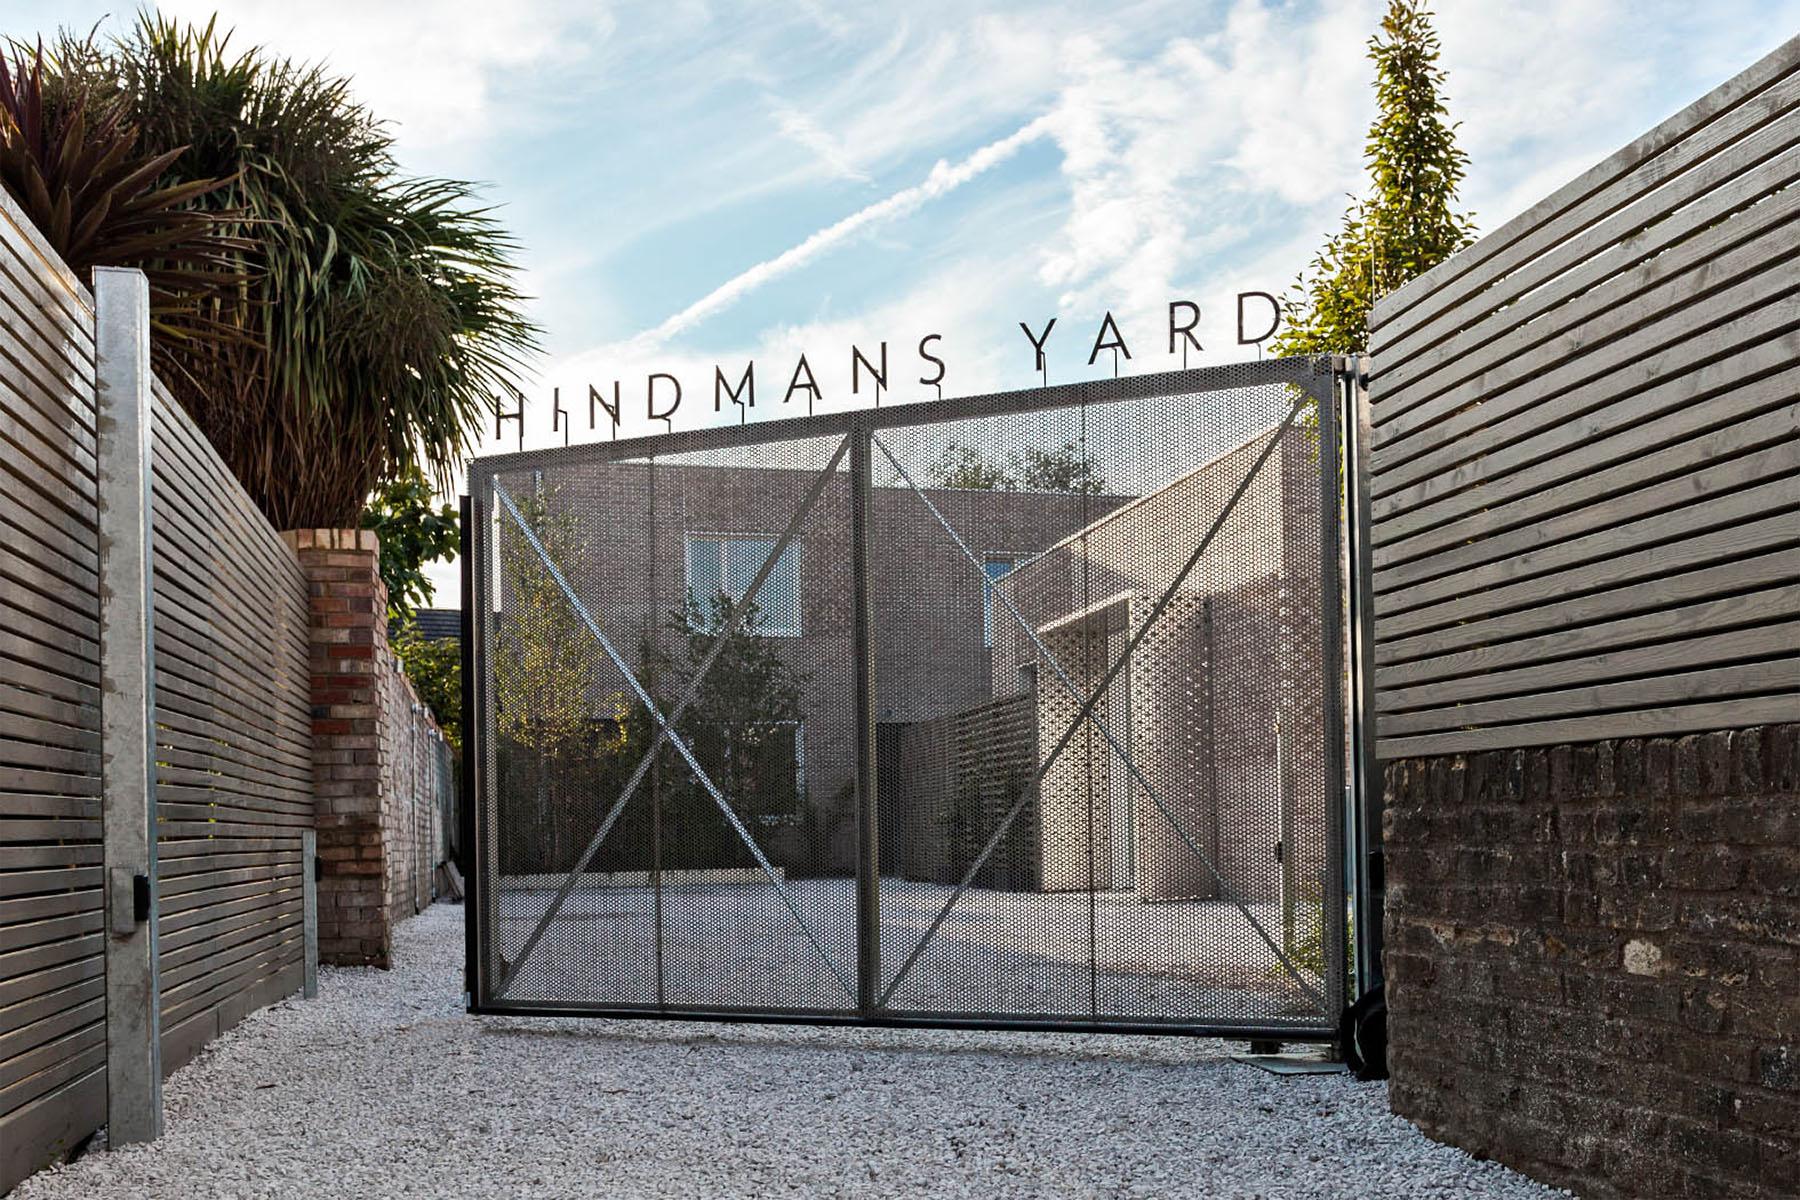 Hindmans Yard
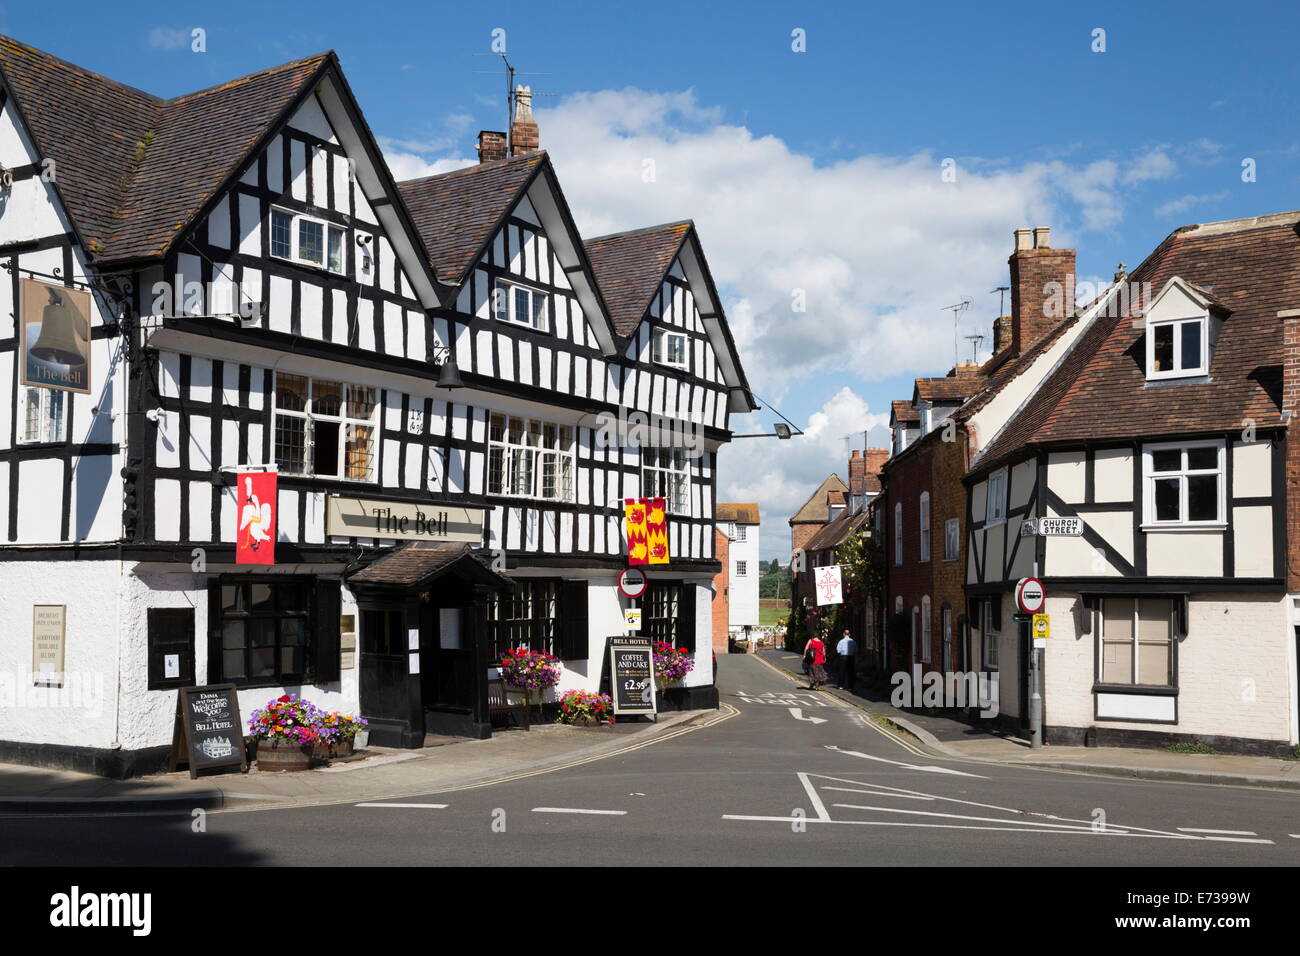 The Bell Pub on Church Street, Tewkesbury, Gloucestershire, England, United Kingdom, Europe Stock Photo
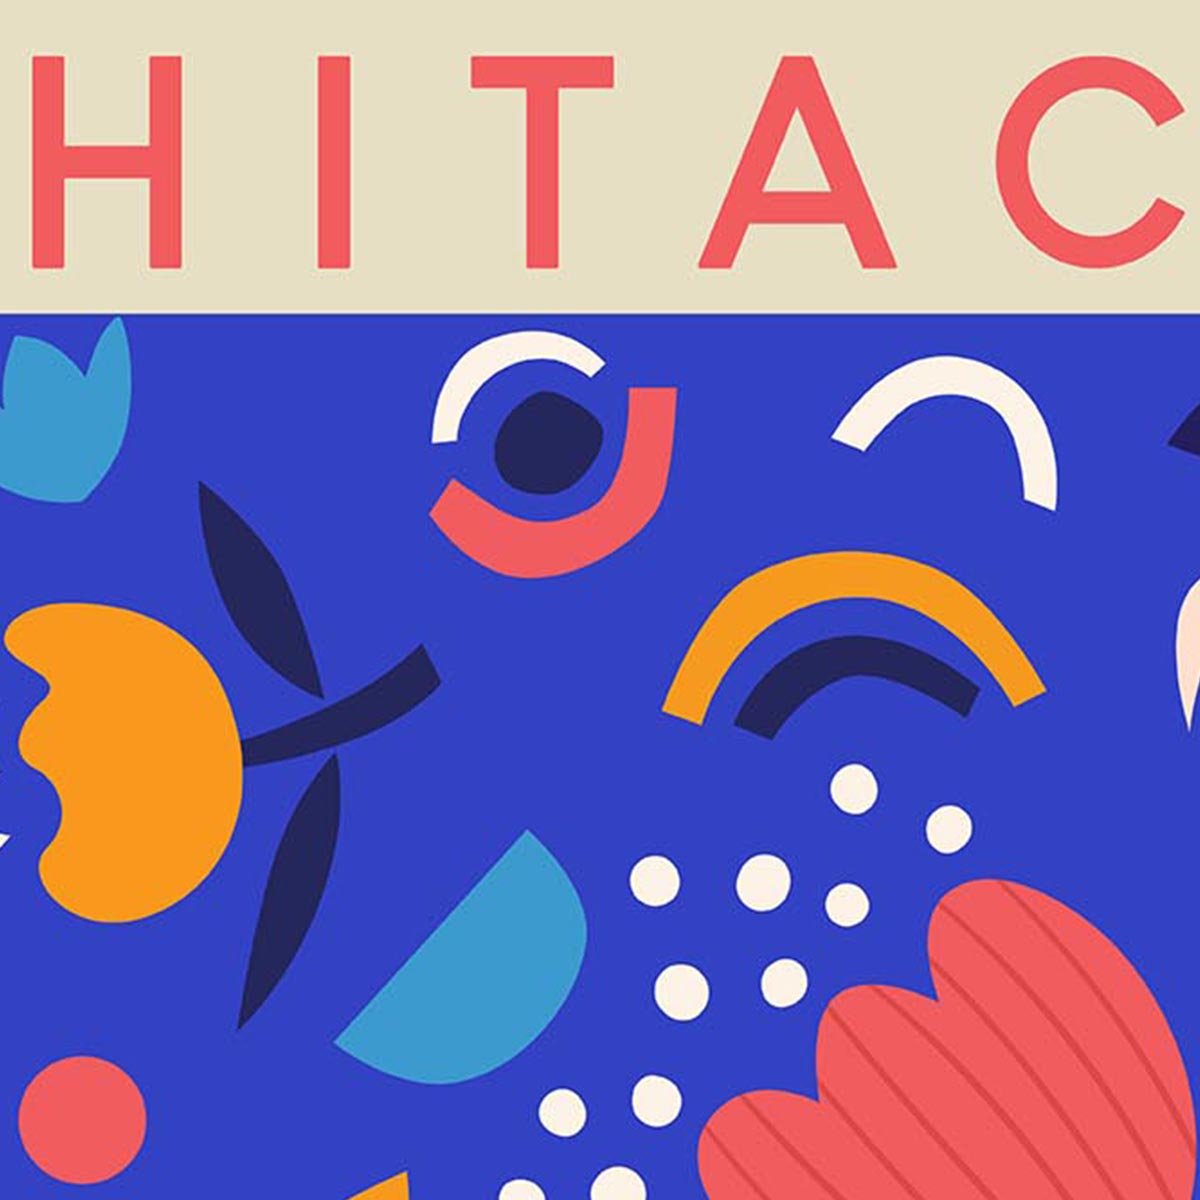 Hitachi Flower Market Poster
+ + + +
# [Your objective]
Starting at the line that holds "The Bell Pub", reproduce each line through the last one of the listing, and nothing more; the pictures stay out.

# [Response]
 The Bell Pub on Church Street, Tewkesbury, Gloucestershire, England, United Kingdom, Europe Stock Photo
 Hitachi Flower Market Poster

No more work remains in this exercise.